Подобно императору, стражники никогда не слыхали о преступлениях, которые скрывала в старину эта цистерна, а потому её осквернение казалось им чем-то новым, невероятным, и они приступили к следствию очень скептически. Но, выслушав показания Сергия и Лаели, они должны были признать, что дело принимало вид заговора, противообщественного и антирелигиозного. Но кто были виновники этого заговора и где их искать?
Произнесённое Сергием имя Демедия навело их на целый ряд предположений. В первую минуту им показалось, что все эти обстоятельства дают предлог императору уничтожить академию Эпикура, что было уже давно желательно ради общественной нравственности, но при более здравом обсуждении они нашли опасным уличить племянника могущественного игумена, за которого могло жестоко отомстить братство святого Иакова, имевшее тогда громадную силу.
В большом недоумении и смущении они предприняли осмотр цистерны, всё ещё надеясь, что не оправдается подозрение насчёт Демедия, и захватили с собою Нило, которого они предполагали сделать козлом отпущения.
Но с той минуты, как они вступили во двор цистерны, одно открытие за другим скоро уничтожило всякую тень сомнения. Прежде всего они увидали мёртвое тело сторожа, который умер со страха, что и выражалось на его искажённом лице.
Затем стражники спустились в цистерну, и Нило свёз их на лодке во дворец сладострастия, который привёл их в удивление своим необыкновенным устройством. Но где был создатель этого дворца? Пока ходили за сетями, чтобы обследовать воды колодца, стражники подробно осмотрели три комнаты и составили опись всему, что находилось в них. Когда принесли сети, Нило указал место, где он кинул в воду с плота своего врага. С первого же раза он вытащил мёртвое тело. Стражники больше всего хотели, чтобы это оказался не племянник игумена. Все глаза устремились в воду. Прежде всего на её поверхности появилась белая рука с кольцами на пальцах. Нило схватил за неё и выбросил на плот человека в блестящей, богатой одежде.
— Это он, это Демедий! — воскликнули все в один голос.
Избегнуть скандала теперь было невозможно, и стражники, отнеся мёртвое тело в жилище сторожа, отправили гонца к императору, объясняя ему, в чём дело, и спрашивая его приказаний, так как они сами не хотели взять на себя тяжёлой ответственности.

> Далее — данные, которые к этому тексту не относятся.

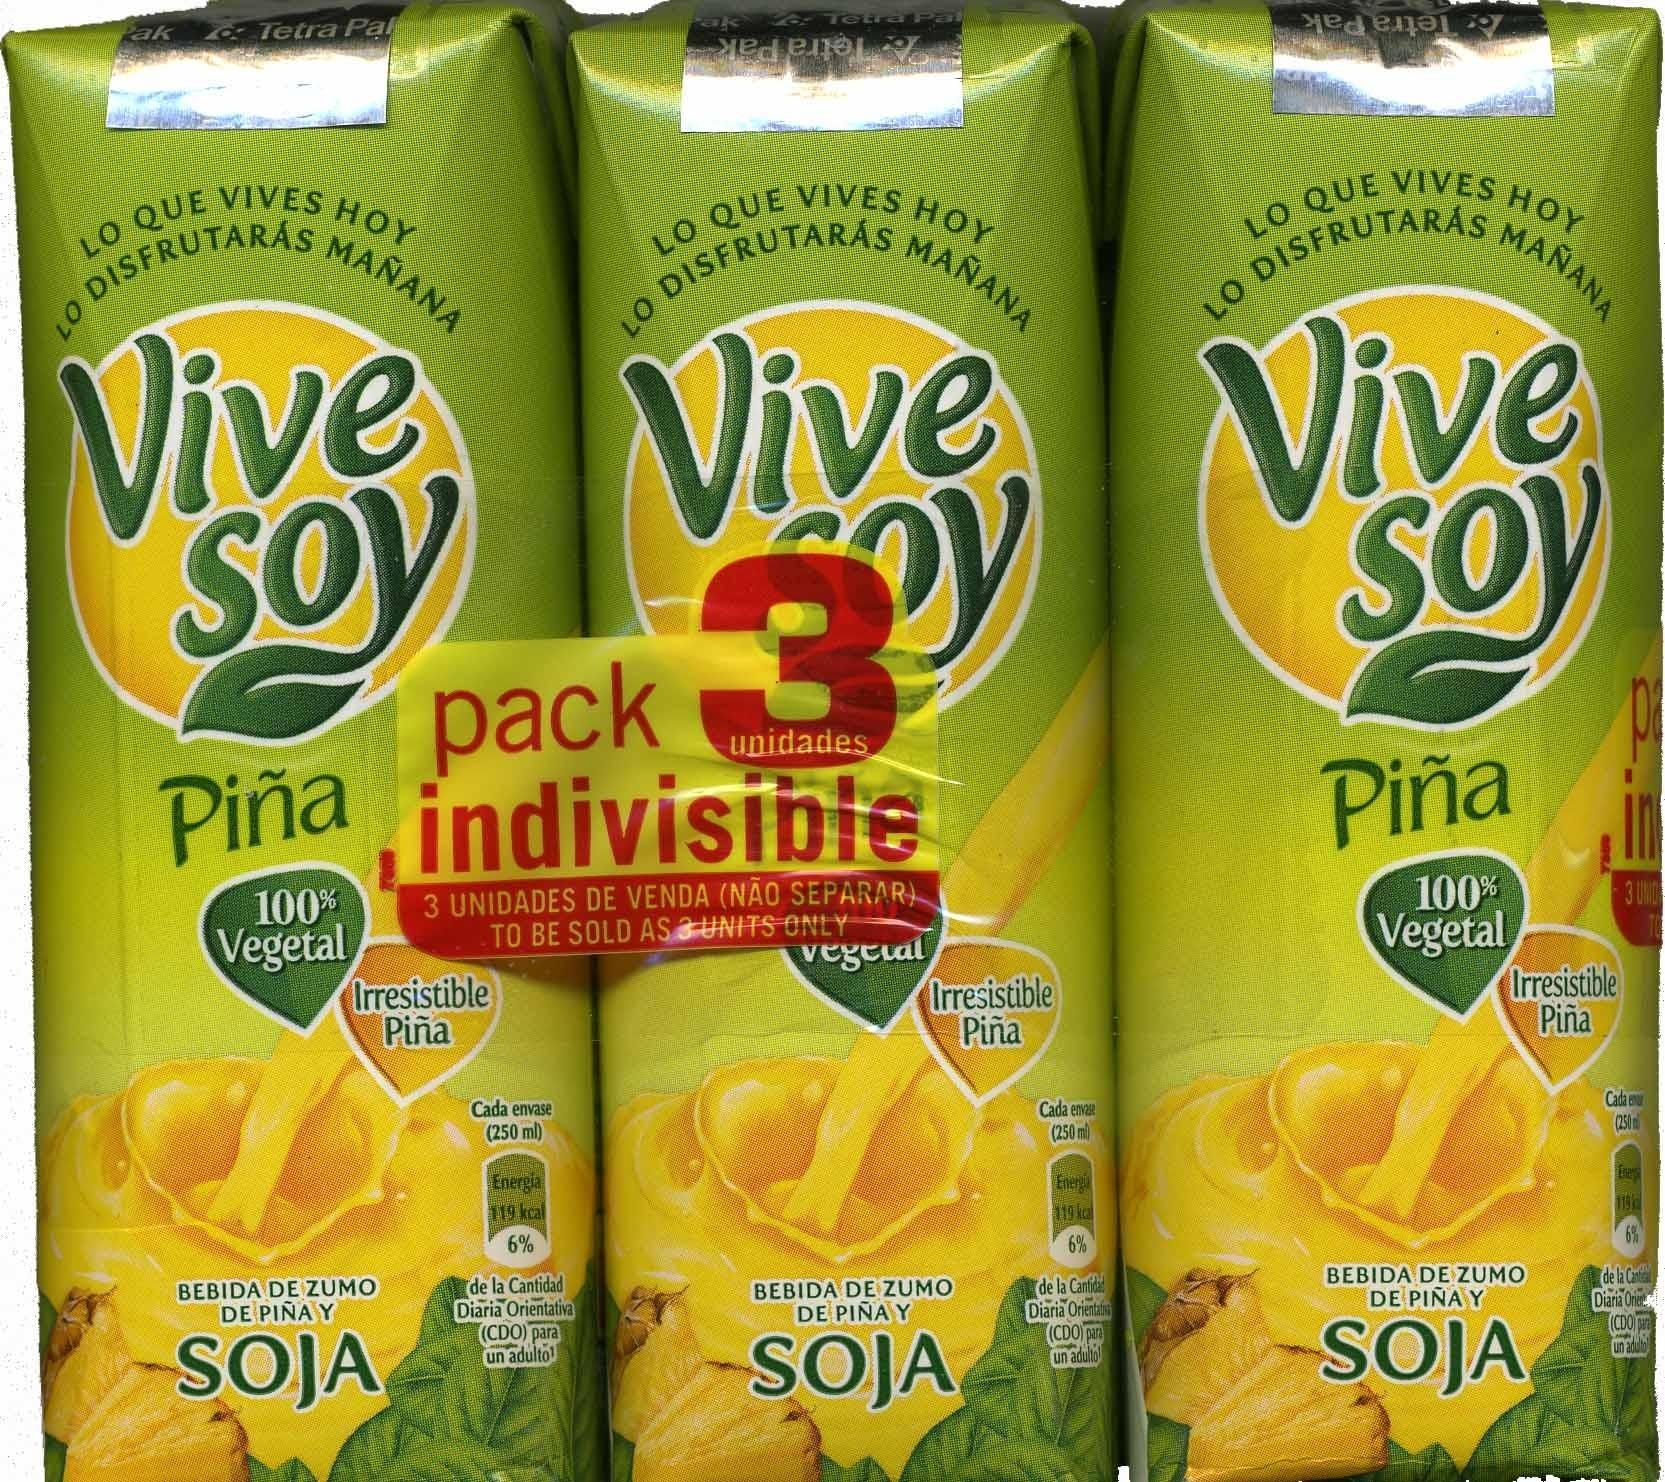 Bebida de zumo de piña & soja - Producte - es

Константин поступил в этом случае энергично и тотчас понял, какую пользу он мог извлечь из этого неприятного дела. Открытый заговор был, очевидно, составлен против столицы и общества, а потому он, не колеблясь, решился действовать самым строгим образом, а если бы могущественное братство заступилось за преступника, то этим только выдало бы себя и представило бы предлог к принятию мер против него. Но только чтобы успокоить свою совесть, он послал Франзу к игумену, чтобы осторожно приготовить его к плачевной вести, и сам последовал за ним в обитель, где почтенный игумен, поражённый роковым ударом, умер на его руках.
Печально вернувшись в Влахерн, он приказал выставить тела обоих преступников на два дня перед жилищем сторожа цистерны, а саму цистерну открыть для осмотра всем желающим убедиться воочию, какой храм нечестия, по его собственному выражению, воздвигли эти позорные враги общества. Он также издал указ о закрытии академии Эпикура и назначил особый день для принесения благодарности Богу за открытие противообщественного заговора. Нило он приказал заключить в тюрьму под предлогом, что его следует отдать под суд, но в глубине еврей души восторгался его мужеством и решил, как только будет возможно, не только освободить его, но и щедро вознаградить.